#### DATASET CONTENT:
+-------+
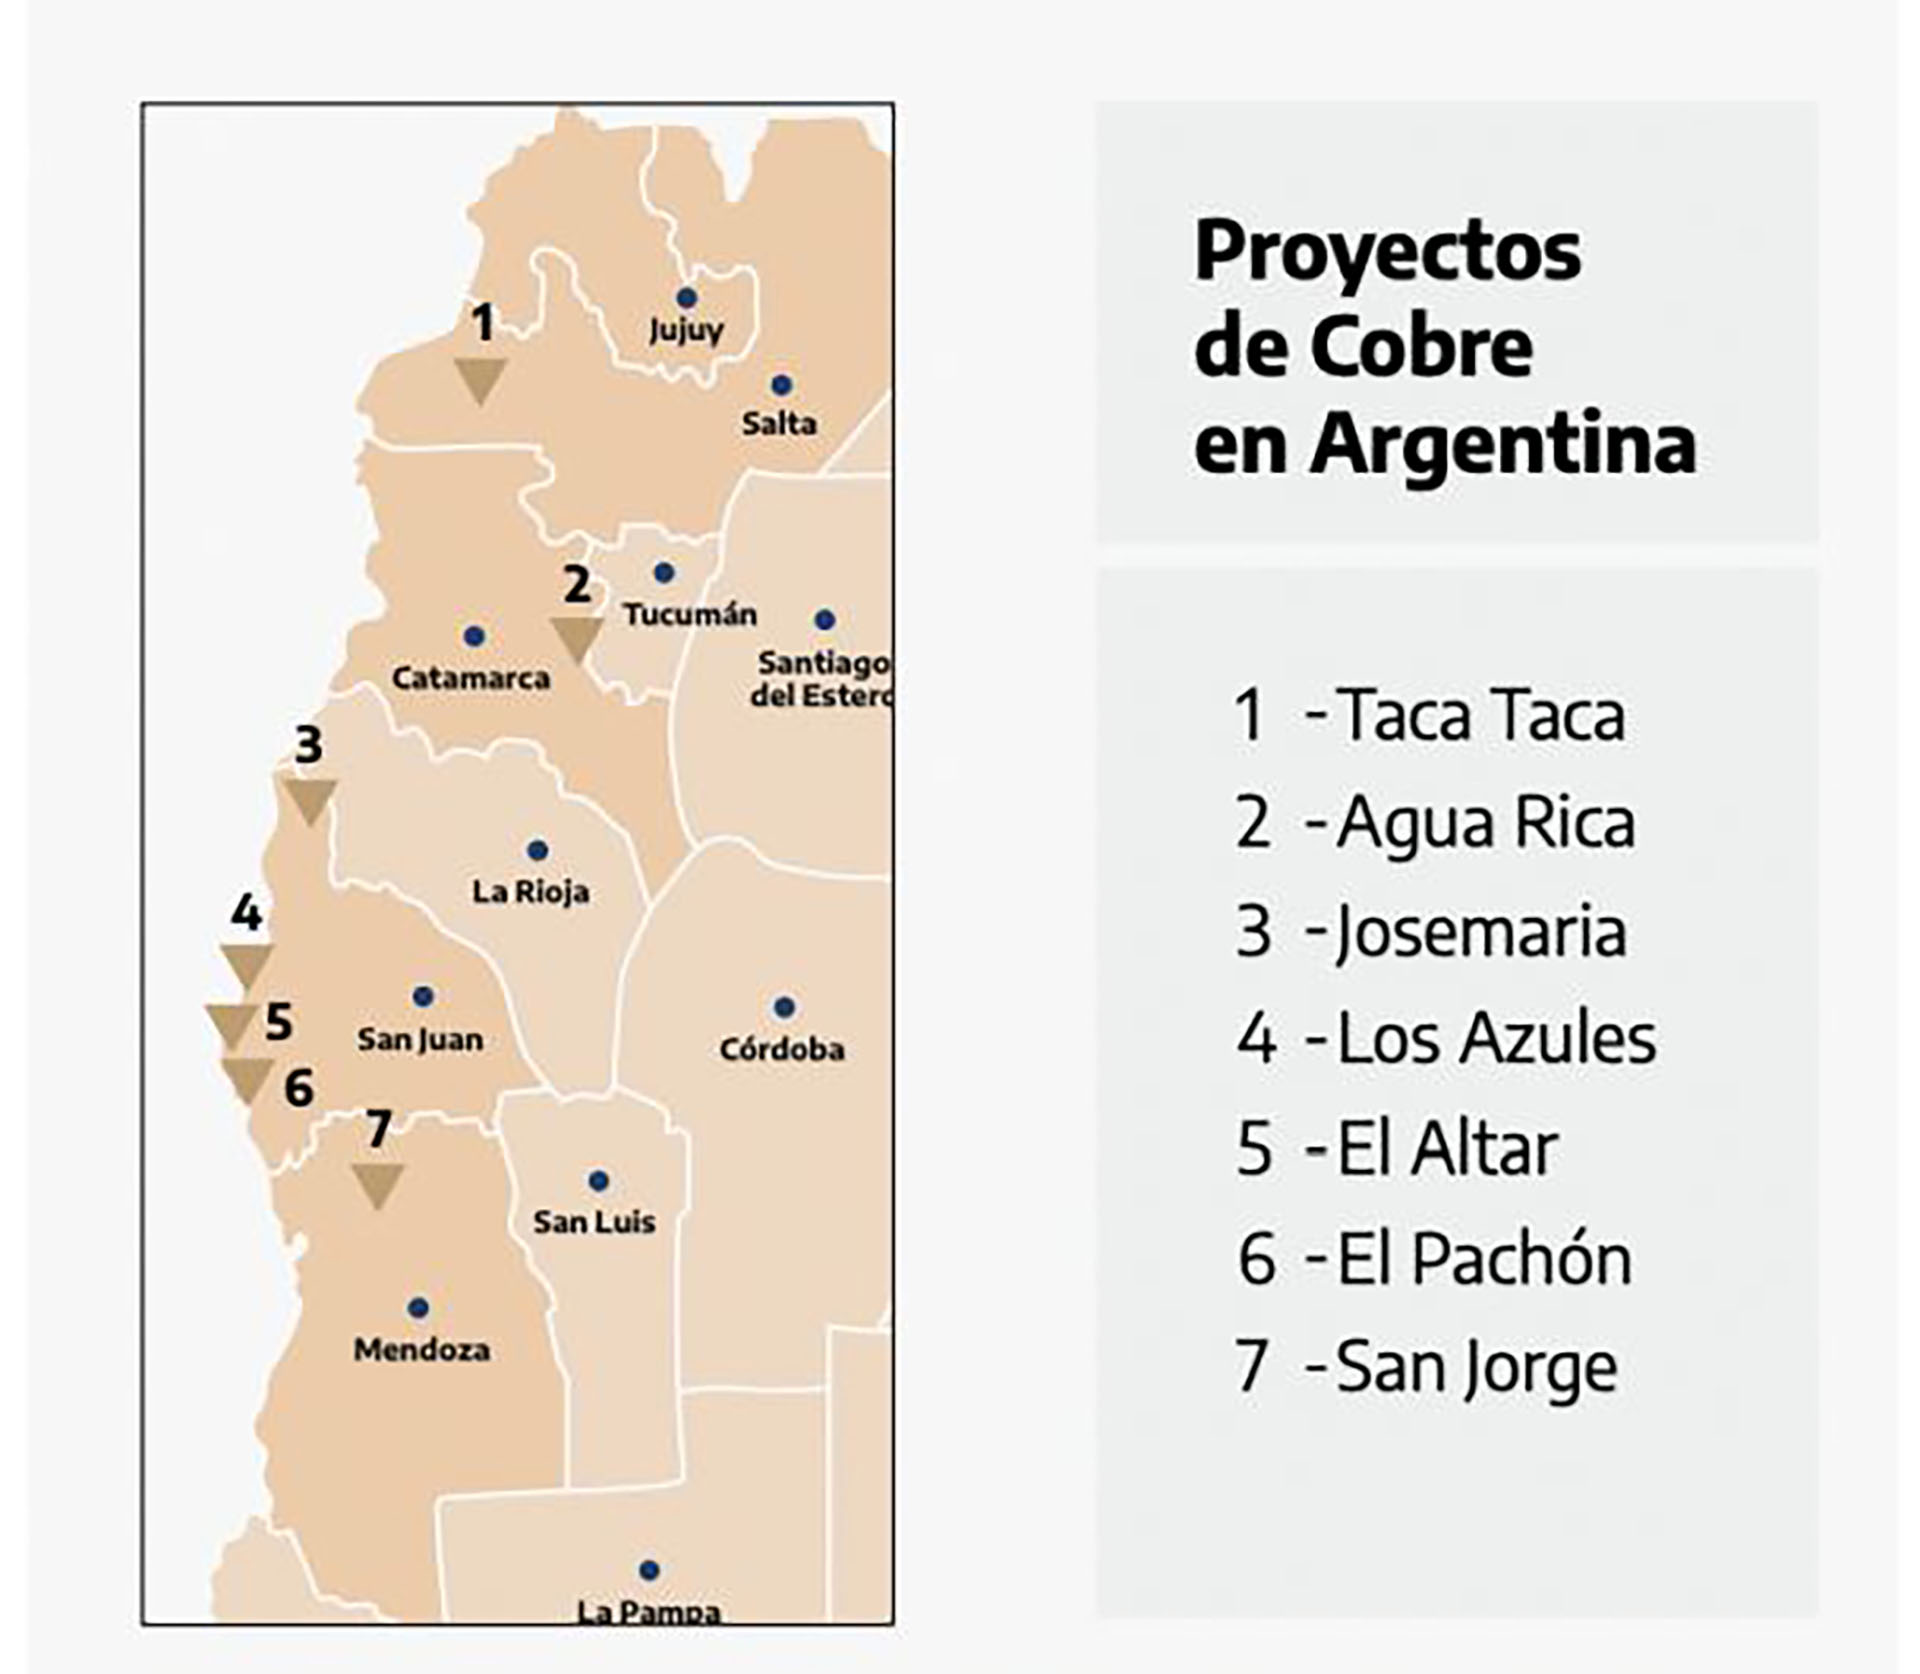 La ubicación geográfica de los 7 principales proyectos de cobre existentes, en distintas etapas, en la Argentina. Los proyectos mineros son de largo estudio, construcción y maduración
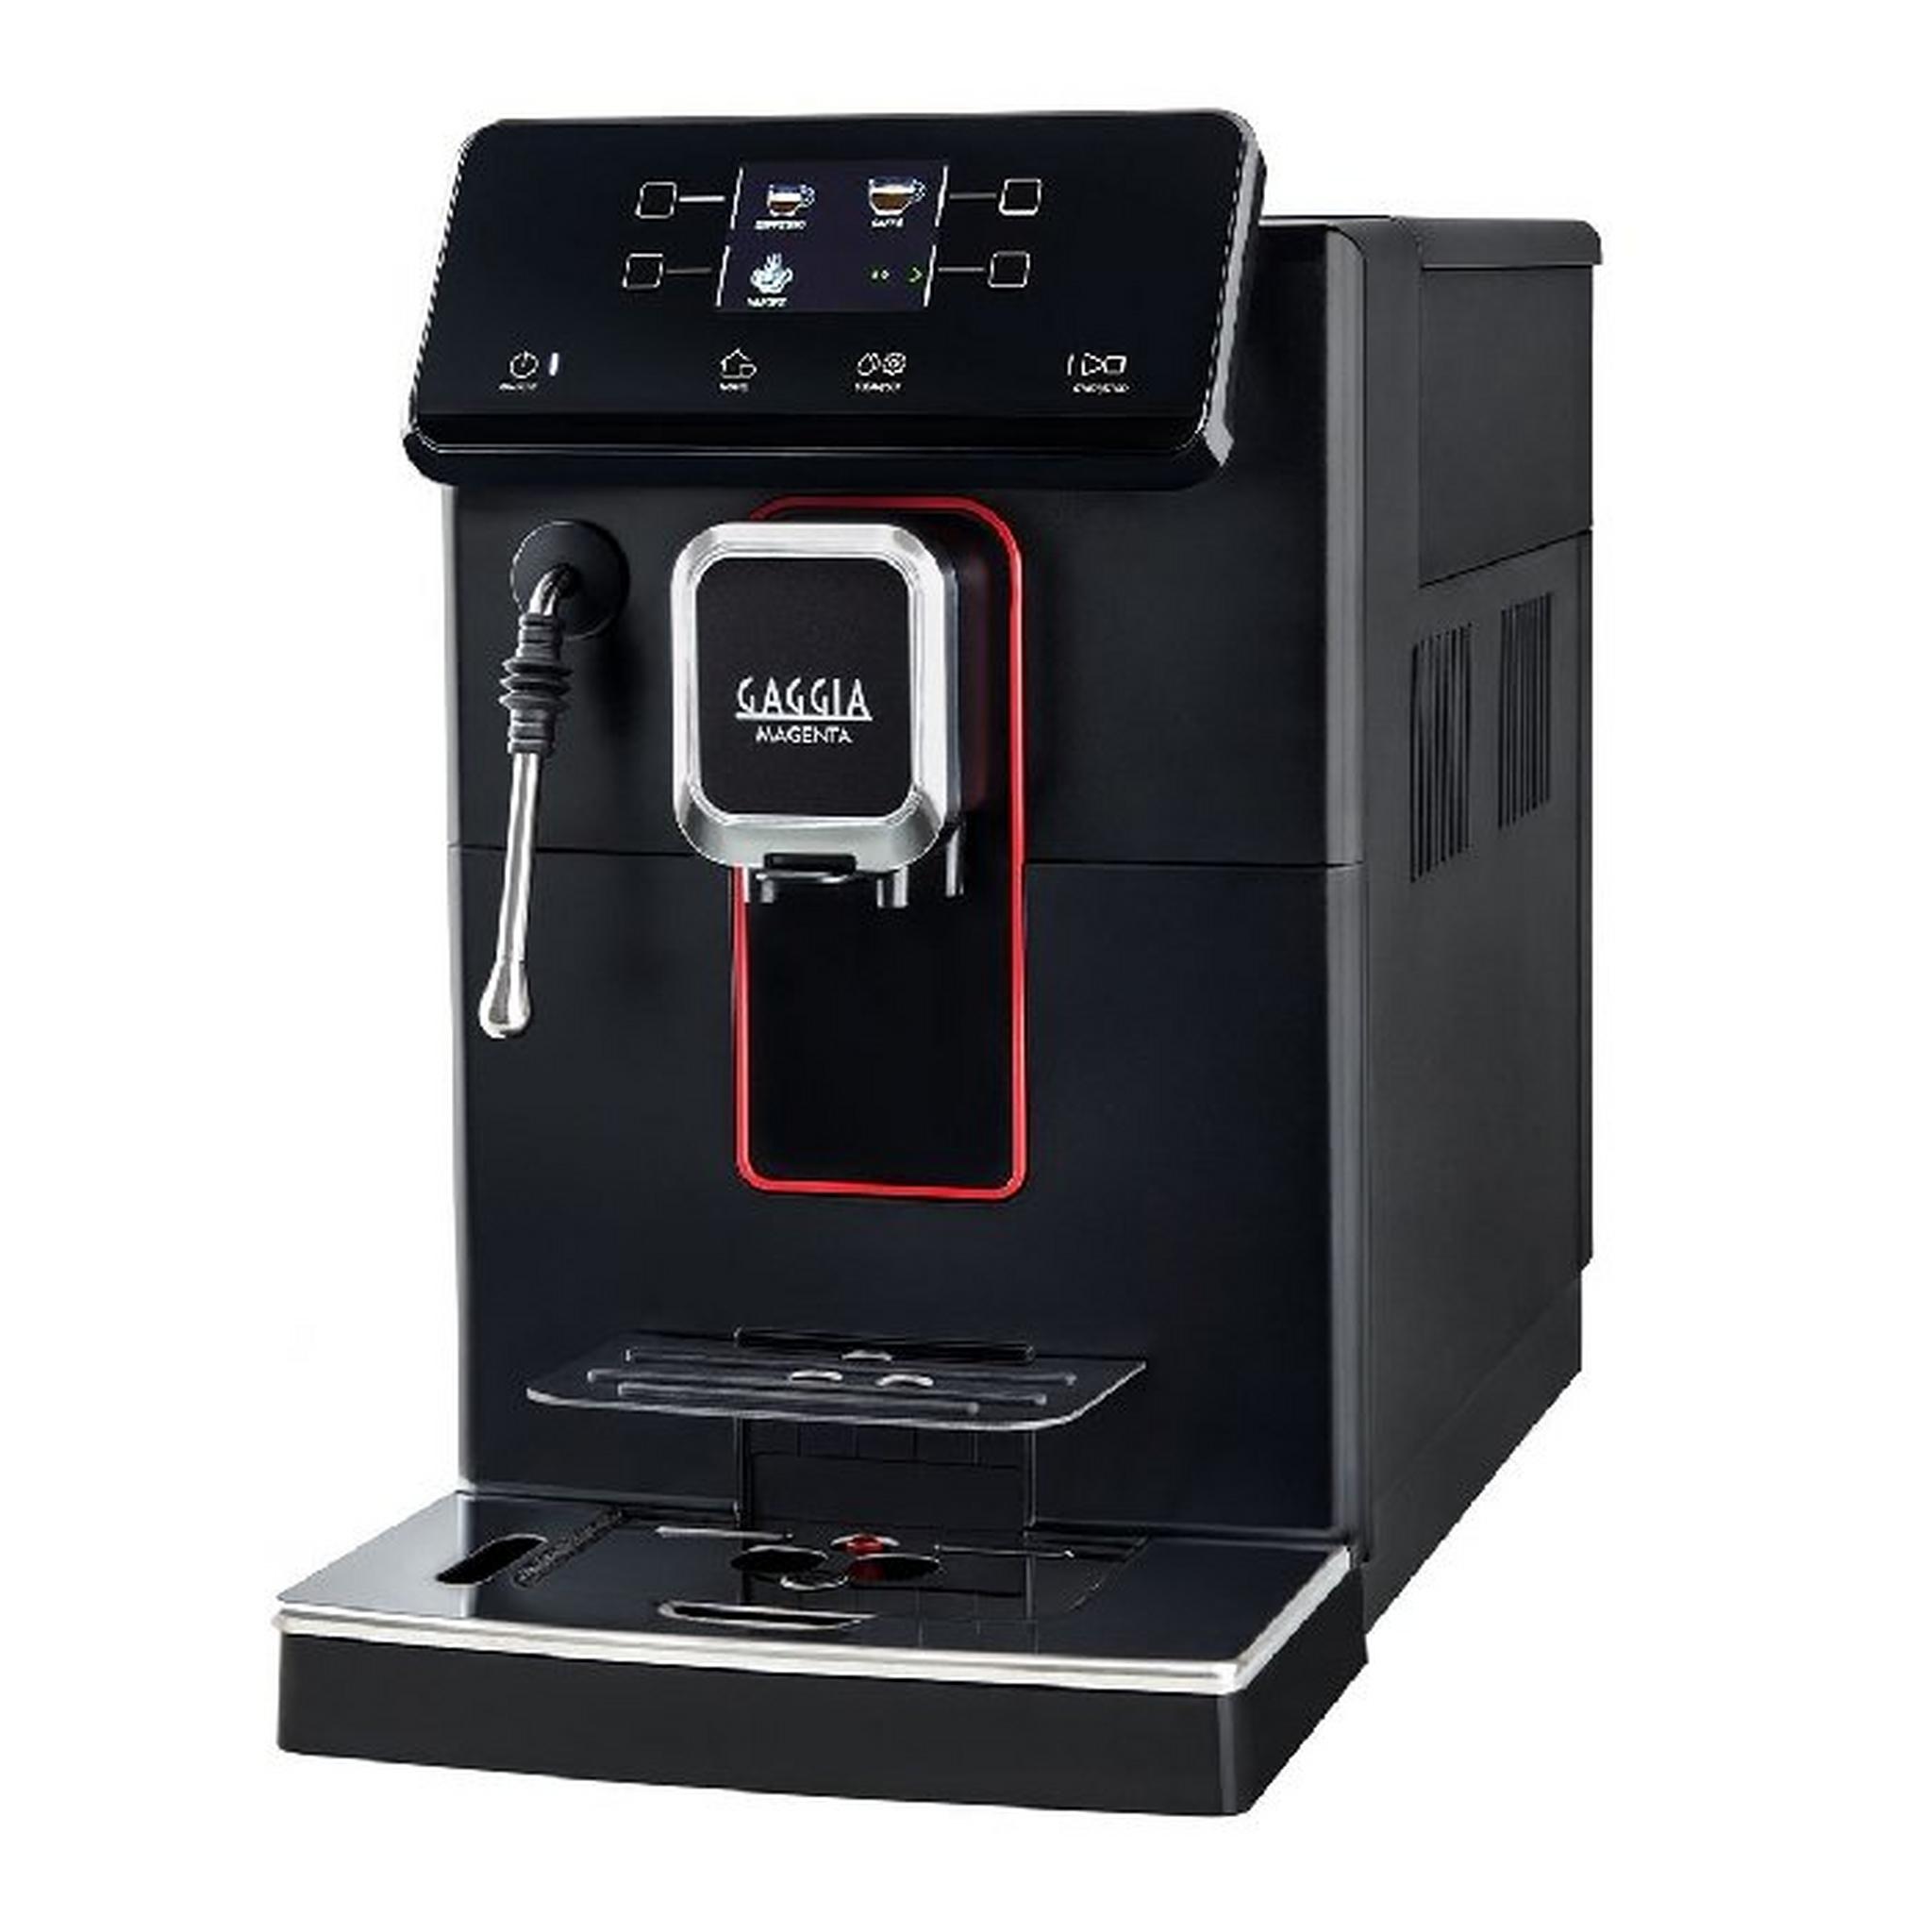 ماكينة صنع القهوة الأوتوماتيكية جاجيا ماجنتا بلس 1.8 لتر 1900 وات RI8700-01
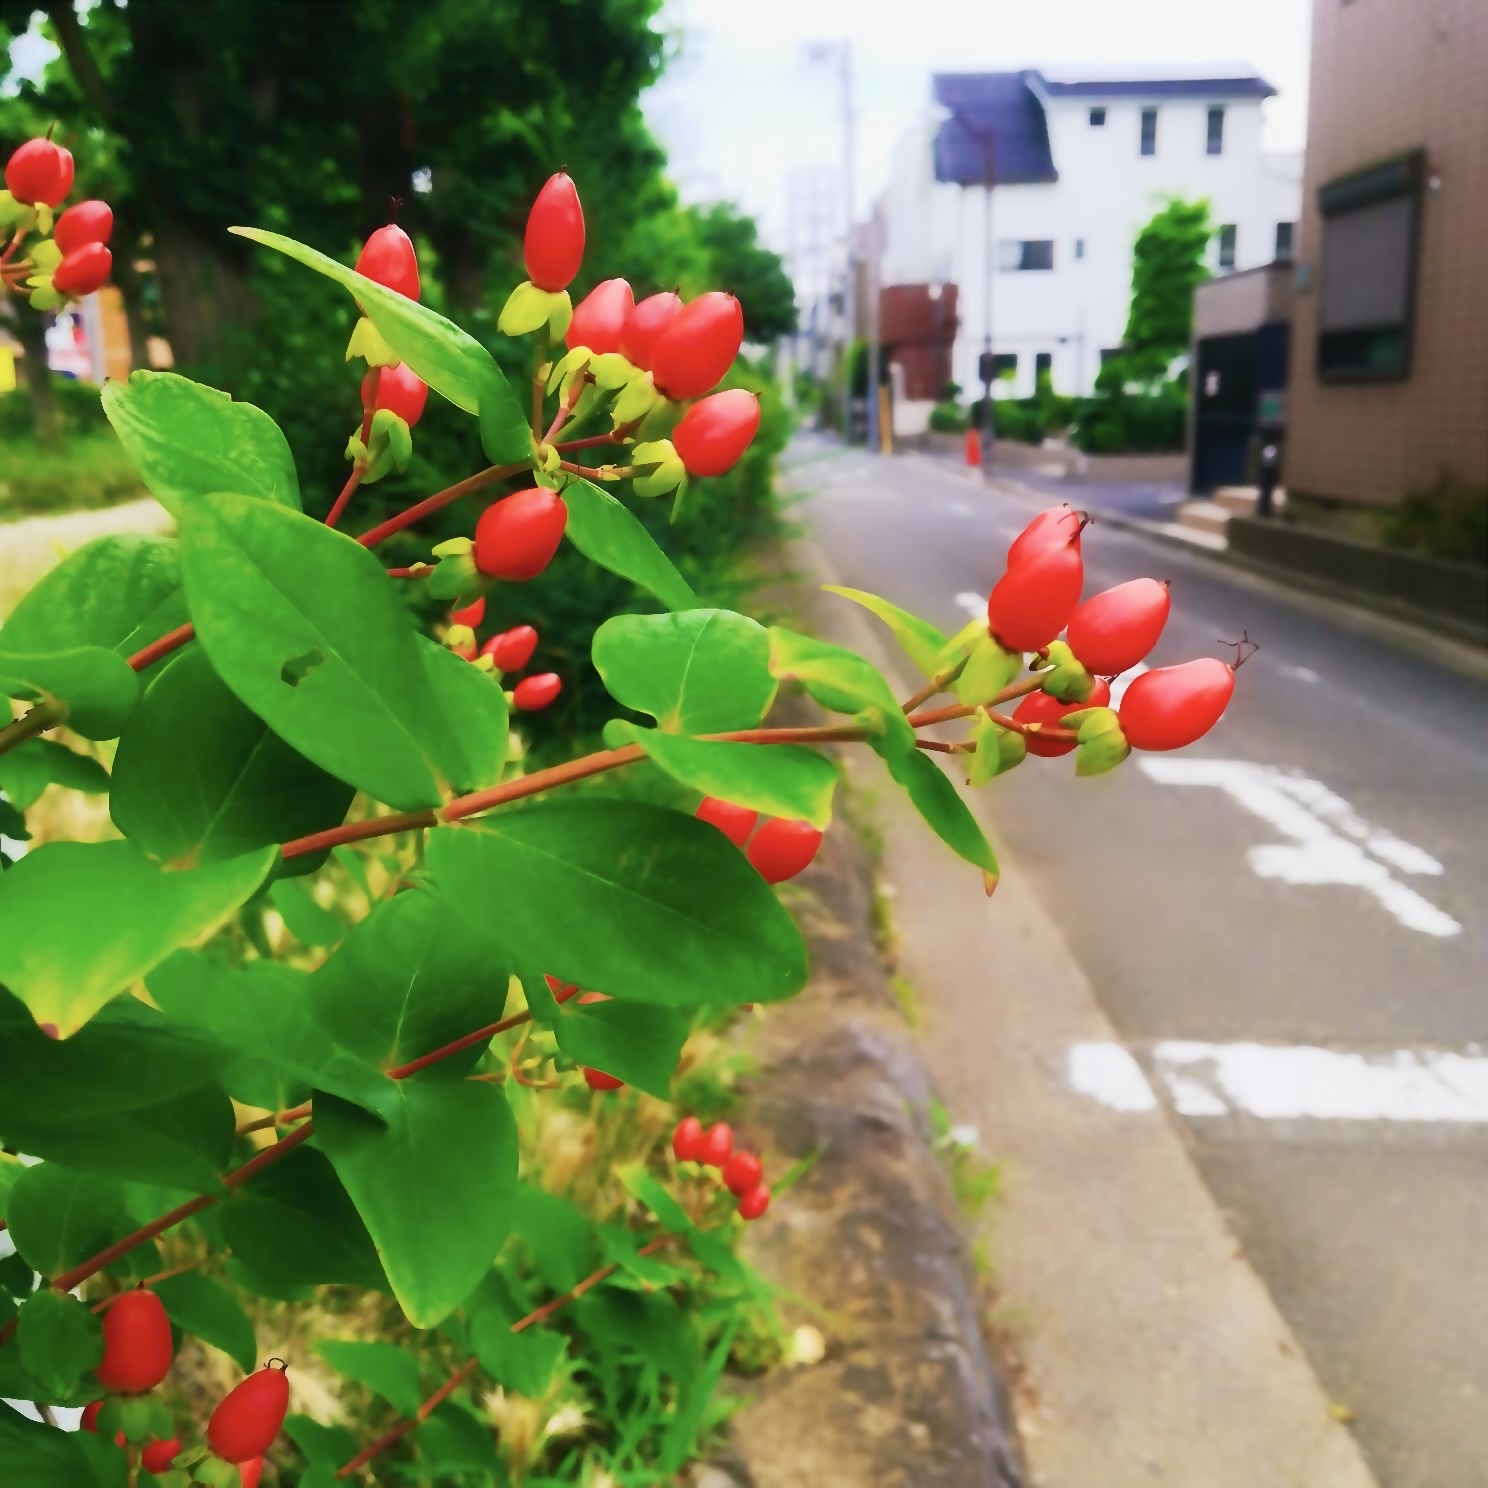 道路脇に生える赤い実のつく植物
+-------+
#### EXERCISE OBJECTIVE:
Begin the copy at the line containing "ماكينة صنع القهوة" and end it at the final line of the material above, reproducing each line exactly and omitting pictures.

#### RESPONSE AREA:
 ماكينة صنع القهوة الأوتوماتيكية جاجيا ماجنتا بلس 1.8 لتر 1900 وات RI8700-01
 道路脇に生える赤い実のつく植物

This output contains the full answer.